Under Republican Govs. Rick Perry and Greg Abbott, administrative processes have been “dramatically weaponized” as illustrated by not just the current unwinding but by declining numbers and increasing red tape attached to the programs both by agency actions and legislative inaction, Dunkelberg said. Abbott’s office did not return a request for comment.

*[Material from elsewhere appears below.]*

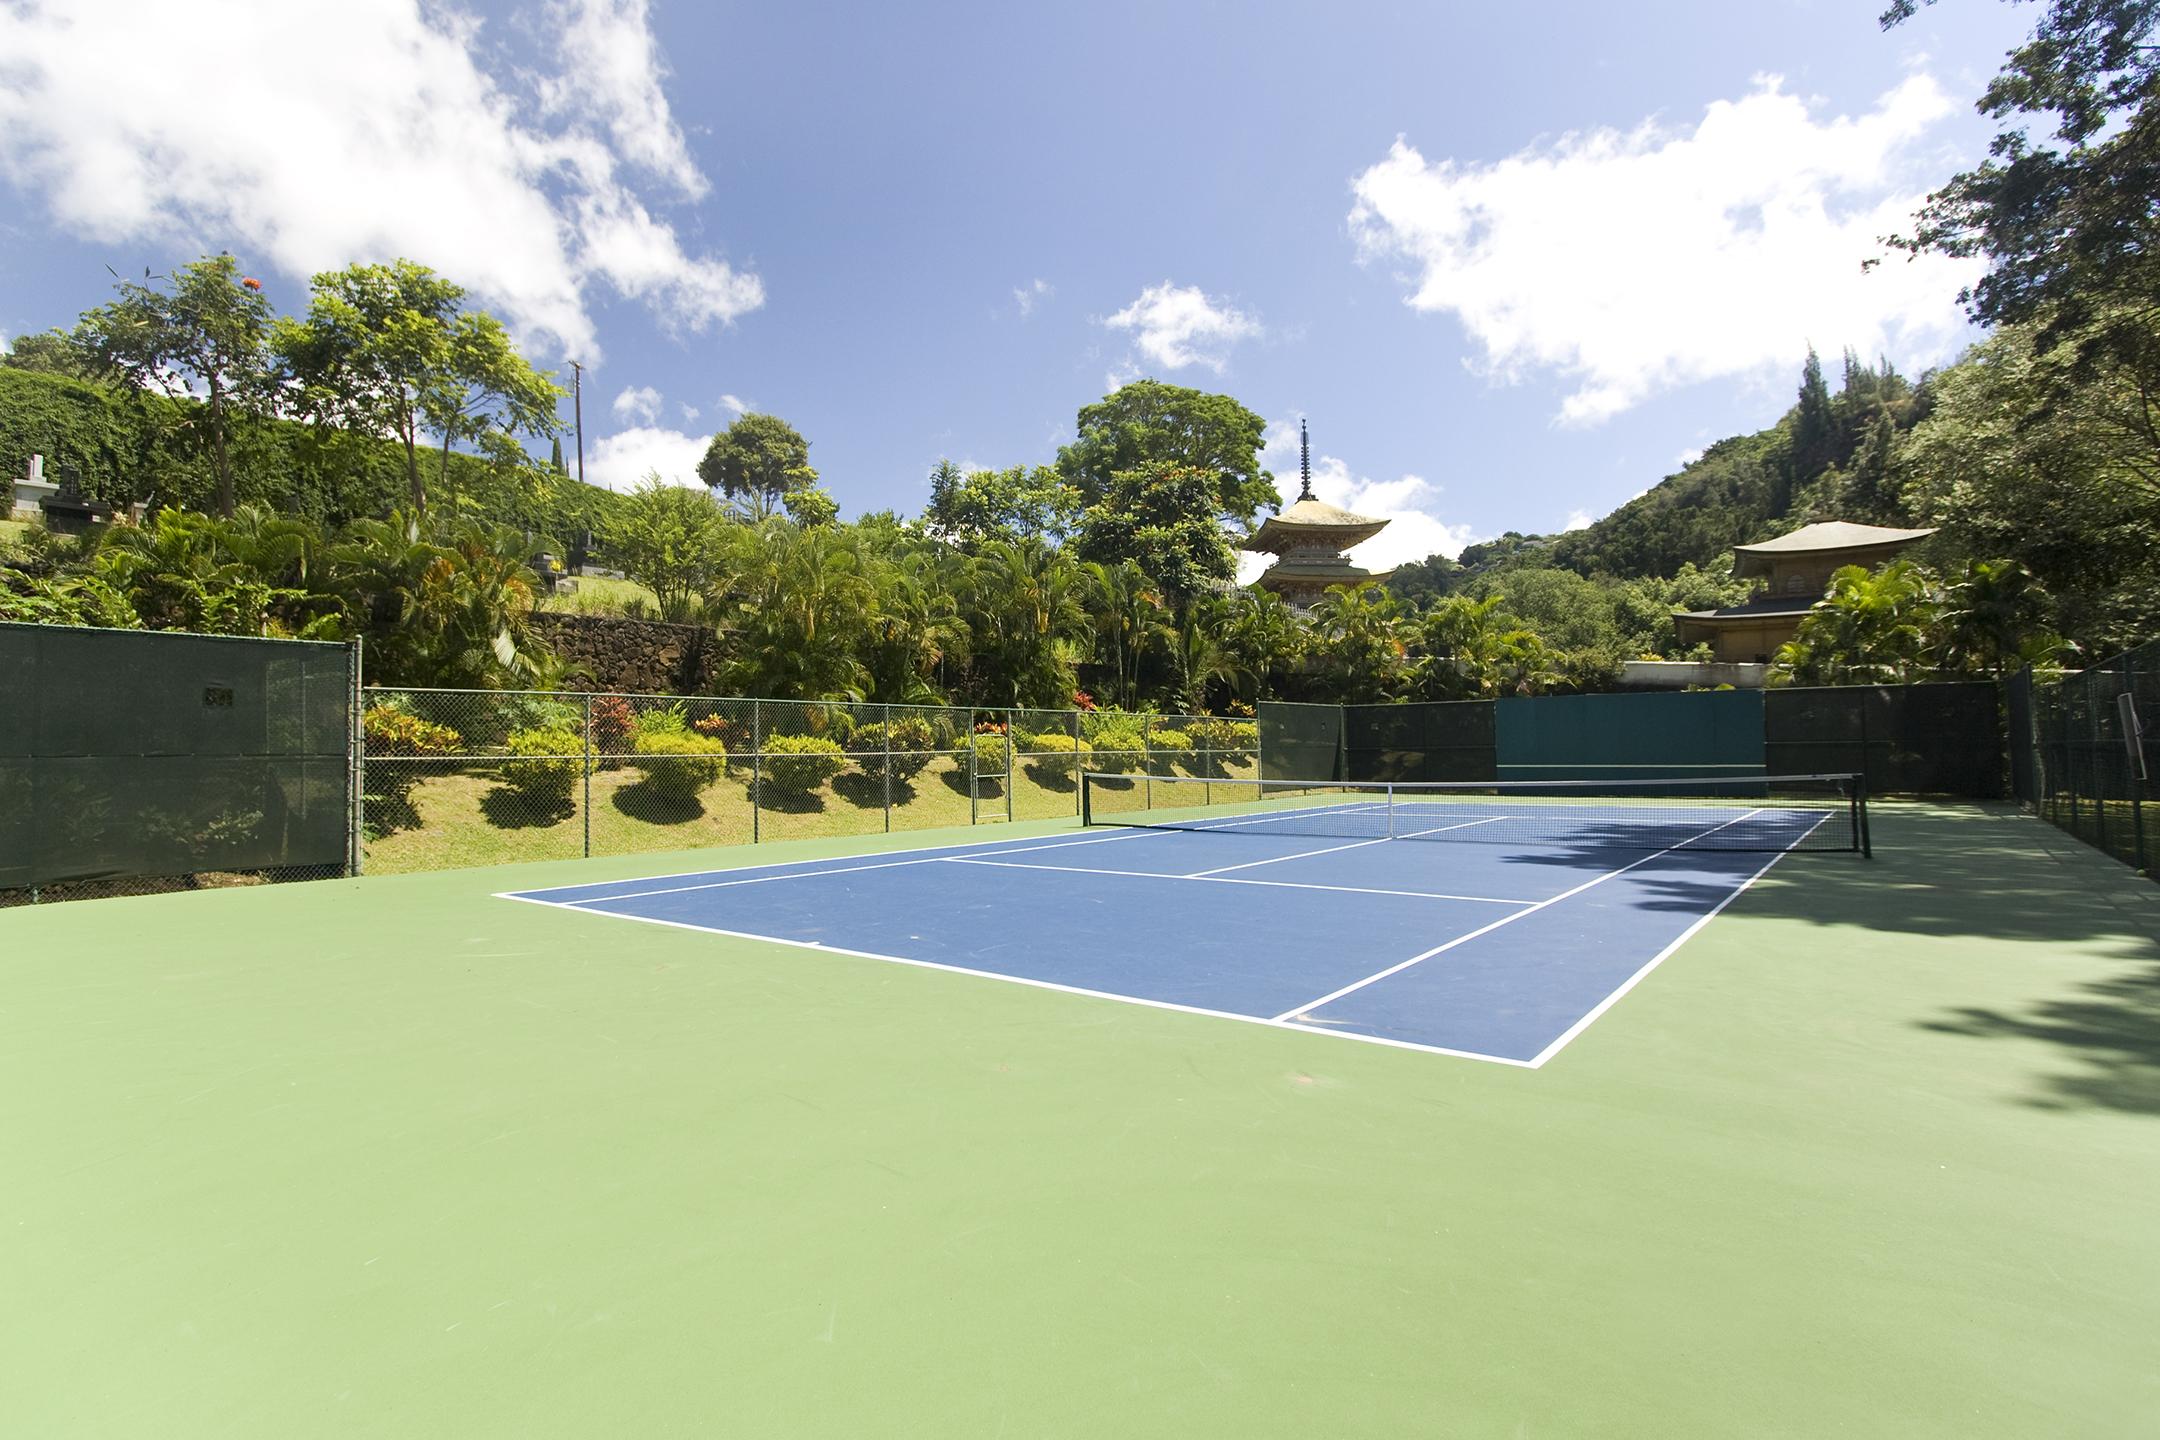 Tennis at 2101 Nuuanu Ave #I/1806 Honolulu, HI 96817

As examples, she pointed to how changes in agency rules, like a lack of focus on how to better educate immigrant parents about the right to Medicaid and CHIP for US citizens and immigrant kids who have legal documentation can have great impact, advocates say.
Losing a critical function
For a frightening moment last summer, 5-year-old August Johansen was one of the kids to lose coverage.
The McKinney boy had inoperable brain cancer and depended on Medicaid to pay for full-time home nursing care from a private agency.
He had been getting care through a specific Medicaid program for “medically dependent” children, which covered kids like him even if their family’s income didn’t qualify them for Medicaid or CHIP.
August had a number of health challenges associated with his cancer, including effects from a stroke, deafness in one ear that required him to go to a school for deaf students, and for 3-and-a-half years, a tracheostomy tube that required his mother to travel with a nurse any time she left the house with her son.
“Medicaid is a critical function for us being able to provide the care that he needs between the pharmacies and the private duty nursing and then, of course, the actual care itself that he receives for the acute situation,” said his mother, Erica Olenski Johansen. “I mean, there's a lot involved, obviously, when you have a kid with medical complexity.
The re-enrollment process had snagged when Johansen missed the paperwork for renewal over last summer because she wasn’t looking for it. But her son should have maintained his coverage because it wasn’t income-based, she said.
In November she got notice that he’d be dropped. Her new income levels prevented her from re-enrolling, even though her income wasn’t a factor in August’s eligibility. Then on Dec. 1, he lost coverage and nursing care.
And it wasn’t until then that an HHSC official was able to help her restart his benefits 10 hours later and resume care the following week.
“They were very apologetic, which I appreciate,” she said.
August had one thing going for him, though: A mother who had worked for years in the health care industry and who was adept at navigating it.
Hundreds of thousands of Texans were not so good at avoiding the bureaucratic landmines.
Texas 2036’s researchers wrote in February that these persistent “administrative barriers” should be addressed by lawmakers when they convene in January 2025 for a new session and budget cycle. “Texas policymakers could make significant inroads toward reducing the state’s uninsured population by increasing awareness of the availability of affordable health coverage options, reducing bureaucratic and administrative complexity during the enrollment process, and improving the customer experience for Texans seeking out coverage,” the report says.
In some other states, enrollees are given administrative express lanes to help with the unwinding and reapplication process — like automatic eligibility if the family already qualifies for food assistance, for example.
Those in Texas who recall the scramble to enroll kids in CHIP during the election season of 2000 say it’s difficult now to watch other states make it easier for qualified people to stay covered — while the processes they put in place decades ago to get so many low-income kids covered have fallen by the wayside.
“The environment has completely flipped,” Fritz said. “It’s like it’s no longer a high priority to get kids enrolled and keep them enrolled. It’s exactly the opposite. It’s sort of like, ‘You’re on your own, people.’ This is where we are. Is this where we want to be?”